Es handelt sich hier zum einen um die Geschwindigkeitsbegrenzung auf 30 km/h (dies betrifft die Bergisch Gladbacher Straße auf kompletter Länge) und den Einsatz von lärmoptimierten Belägen. Die Reduzierung der zulässigen Höchstgeschwindigkeit von 50 auf 30 km/h einerseits und der Einsatz lärmoptimierten Belags andererseits erfüllen – jeweils für sich betrachtet – die Mindestanforderung der Richtlinien für straßenverkehrsrechtliche Maßnahmen zum Schutz der Bevölkerung vor Lärm, da beide Maßnahmen für sich allein betrachtet eine wahrnehmbare Minderung um 3 Dezibel zur Folge haben.
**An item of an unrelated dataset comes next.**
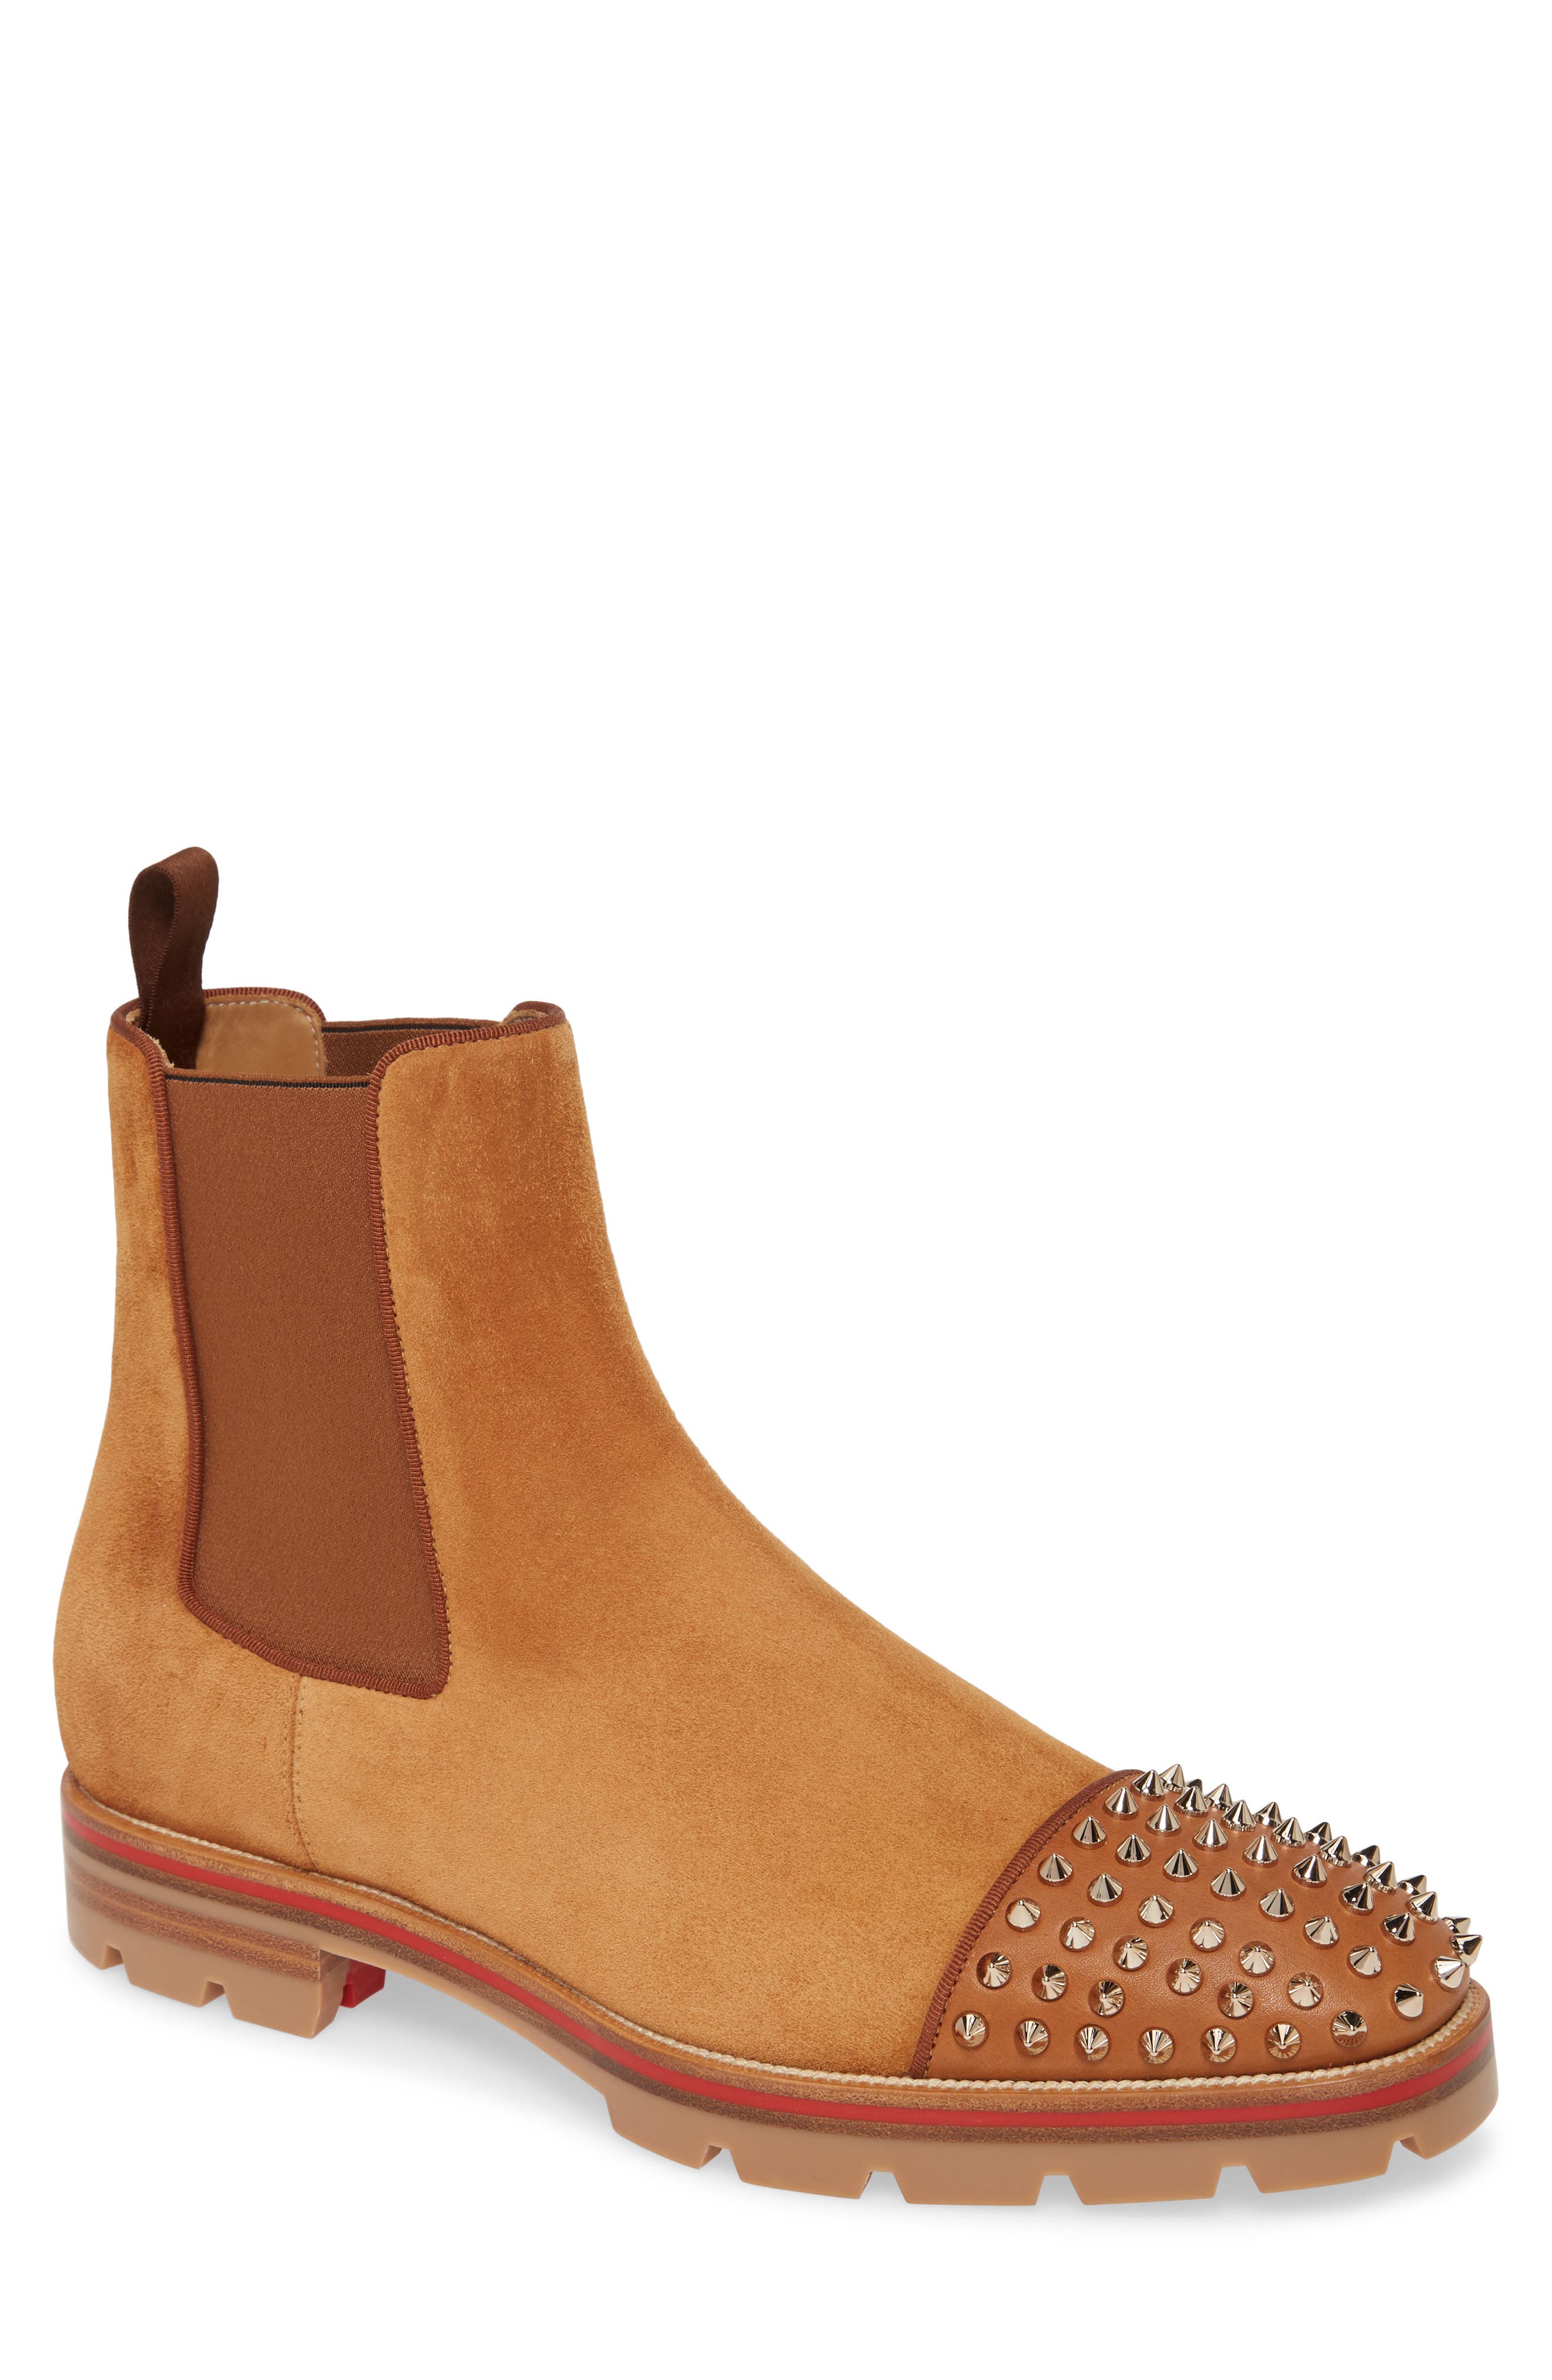 mens louboutin studded boots

Die Verwaltung beabsichtigt, in einem ersten Schritt die Geschwindigkeitsbegrenzung einzuführen. Hierzu sind die Signalanlagen entsprechend umzuprogrammieren und zum Teil zu erneuern. In einem zweiten Schritt soll im Rahmen der Straßenunterhaltung lärmoptimierter Asphalt eingebaut werden. Im Rahmen des städtischen Erhaltungsprogramms werden Vorschläge für die konkrete Umsetzung gemacht werden. Da beide Vorhaben auch Einfluss auf die Luftschadstoffsituation in der Bergisch Gladbacher Straße haben wird, beabsichtigt die Verwaltung, auch gutachterlich untersuchen zu lassen, wie sich diese Veränderungen auf die Luftschadstoffsituation auswirken. In der Folge soll auch beurteilt werden, ob und wenn ja, wie eine umweltsensitive Signalsteuerung auch vor dem genannten Hintergrund aussehen könnte.
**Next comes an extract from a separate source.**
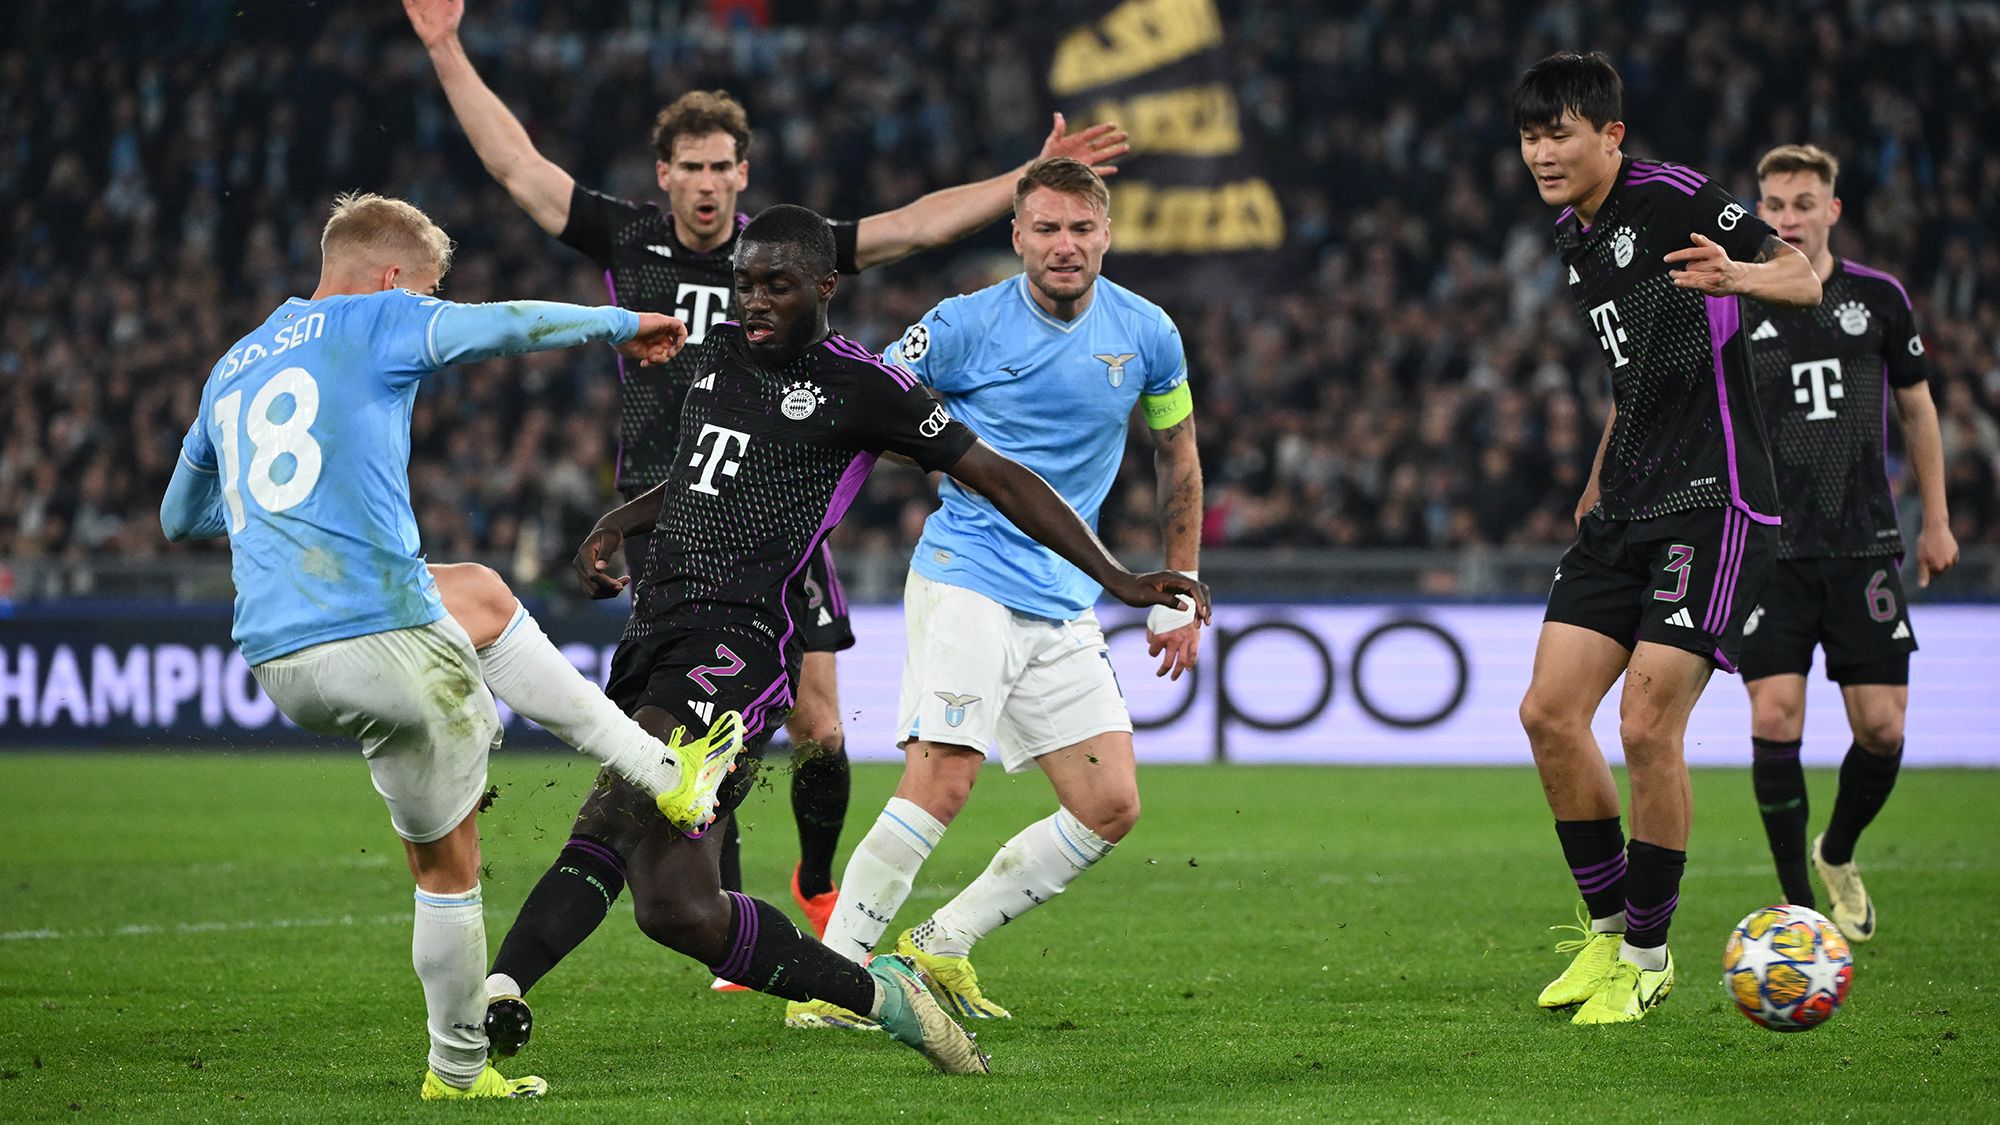 Upamecano was sent off for a challenge in the second half against Lazio.

  • der Ausbau der P&R-Kapazitäten an der KVB-Haltestelle Thielenbruch und am S-Bahnhof in Dellbrück,

Stellungnahme der Verwaltung

Ein kurzfristiger Ausbau von P&R-Kapazitäten ist aufgrund fehlender Finanzierungsmöglichkeiten nicht möglich, da das entsprechende Gesetz 2019 ausläuft und zurzeit eine Anschlussregelung offen ist. Hinzu kommt, dass bei den beiden Standorten in Köln-Dellbrück noch weitere Realisierungshemmnisse hinzukommen.
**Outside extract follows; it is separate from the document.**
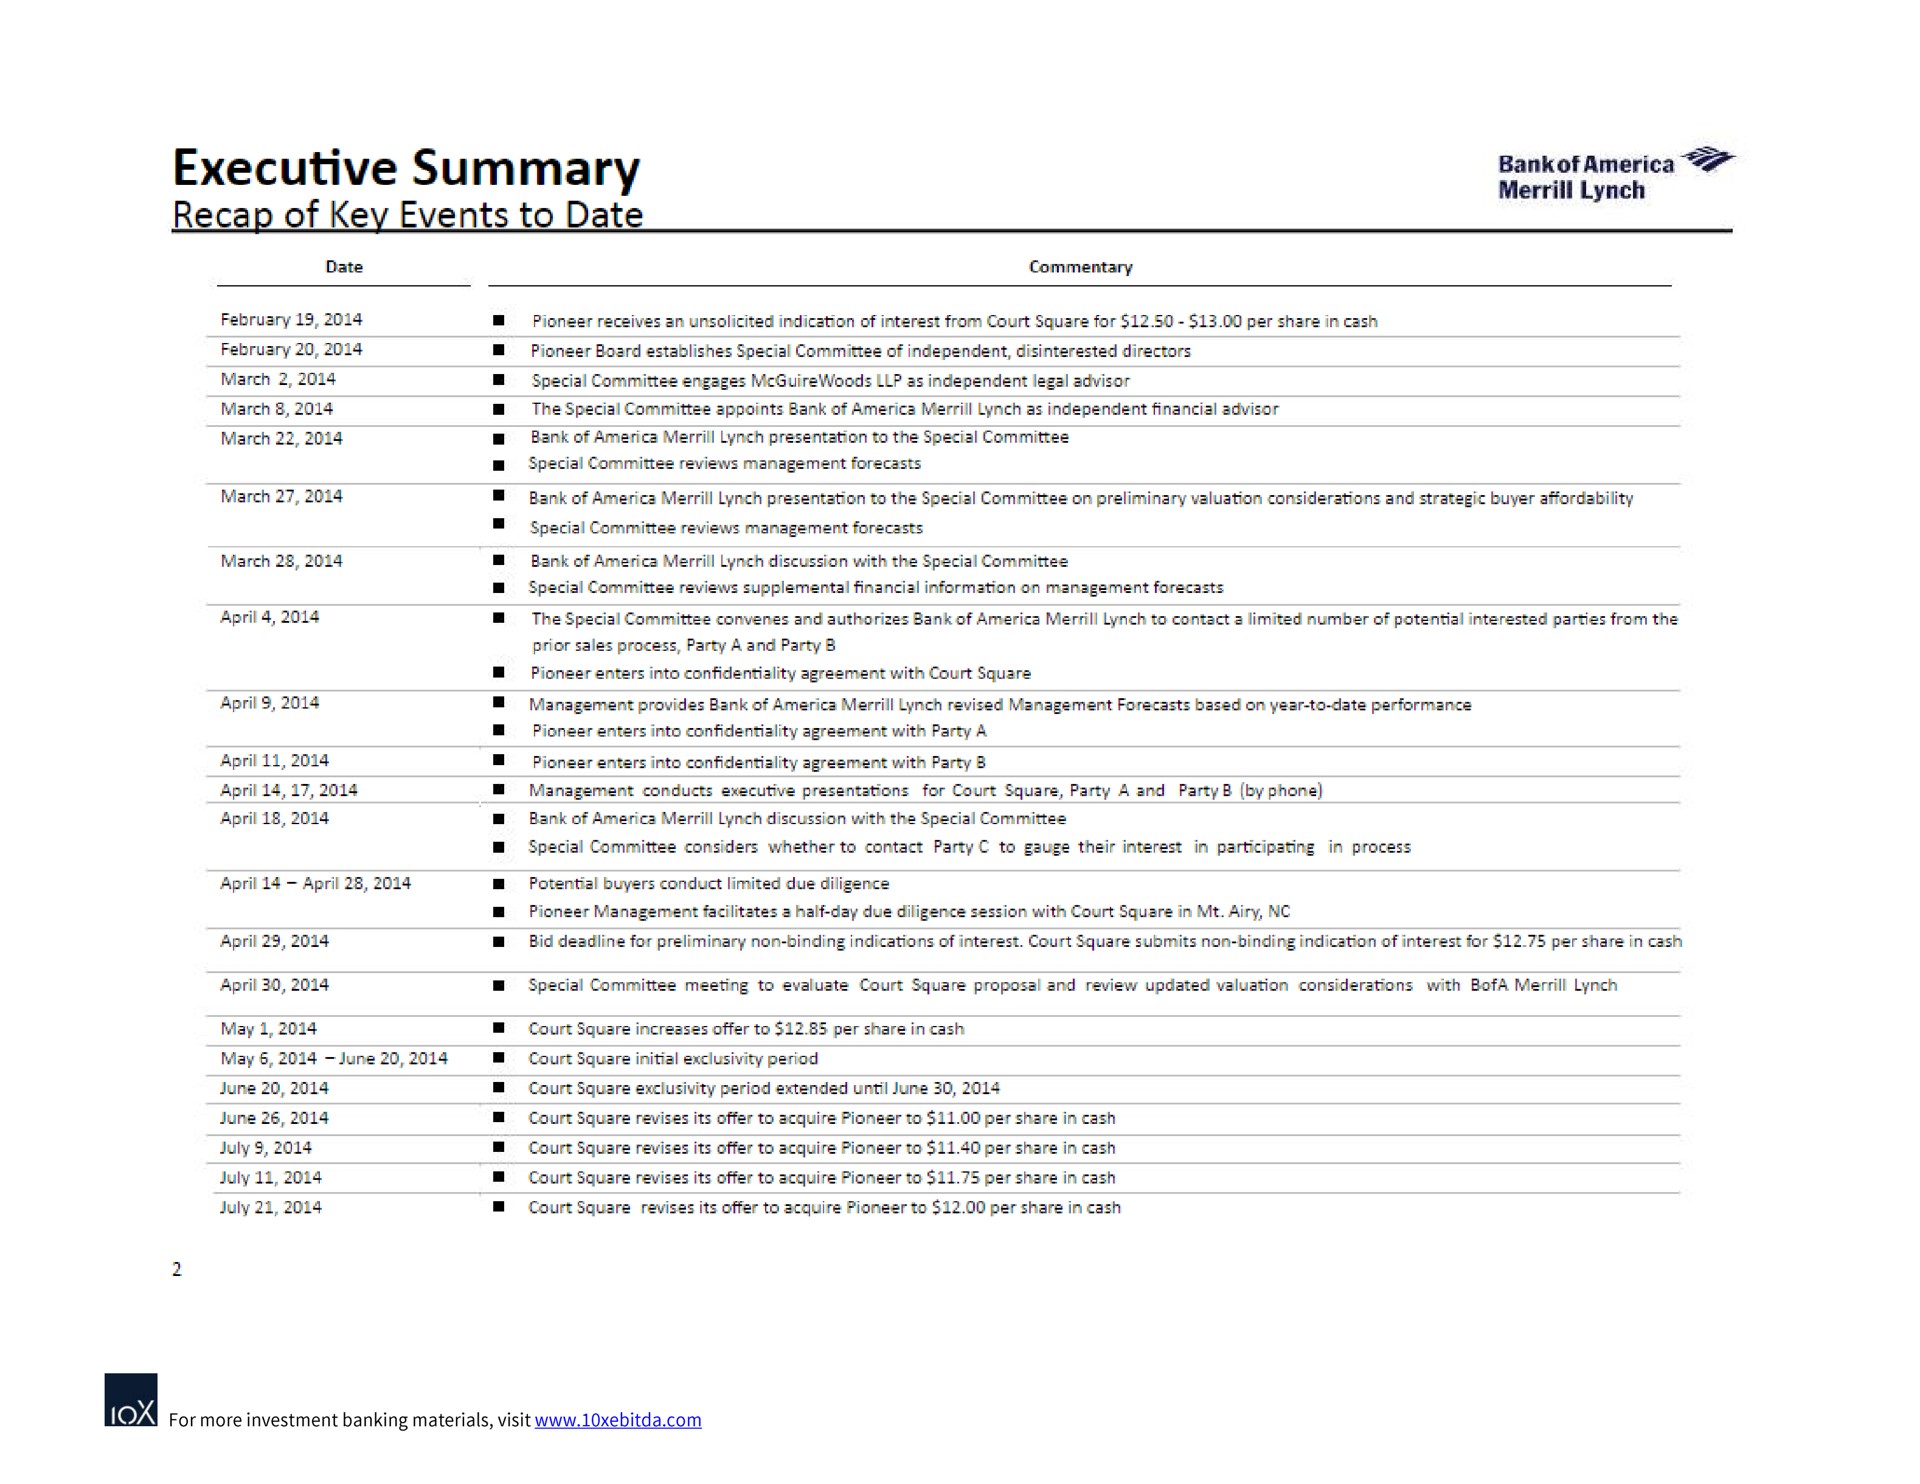 executive summary recap of key events to date | Bank of America

So liegt die P&R-Anlage Thielenbruch im Bereich eines Wohngebietes, wodurch ein Kapazitätsausbau zu zusätzlichen Verkehren im Wohngebiet führen würde, was weder erwünscht ist und zudem Konflikte mit dort ansässigen Anwohnern erwarten lässt. Darüber hinaus wäre eine Erhöhung der Kapazitäten ausschließlich durch eine Aufstockung der bestehenden Anlage möglich, die auch baurechtlich zunächst im Detail geprüft werden müsste.

Die vorhandene Anlage im Bereich des S-Bahnhofes Dellbrück befindet sich in der Tiefgarage eines Wohnhauses. Eine Erweiterung an dieser Stelle ist daher nicht möglich. Inwieweit andere Flächen für die Errichtung einer P&R-Anlage zur Verfügung stehen, würde eine entsprechende Untersuchung erfordern.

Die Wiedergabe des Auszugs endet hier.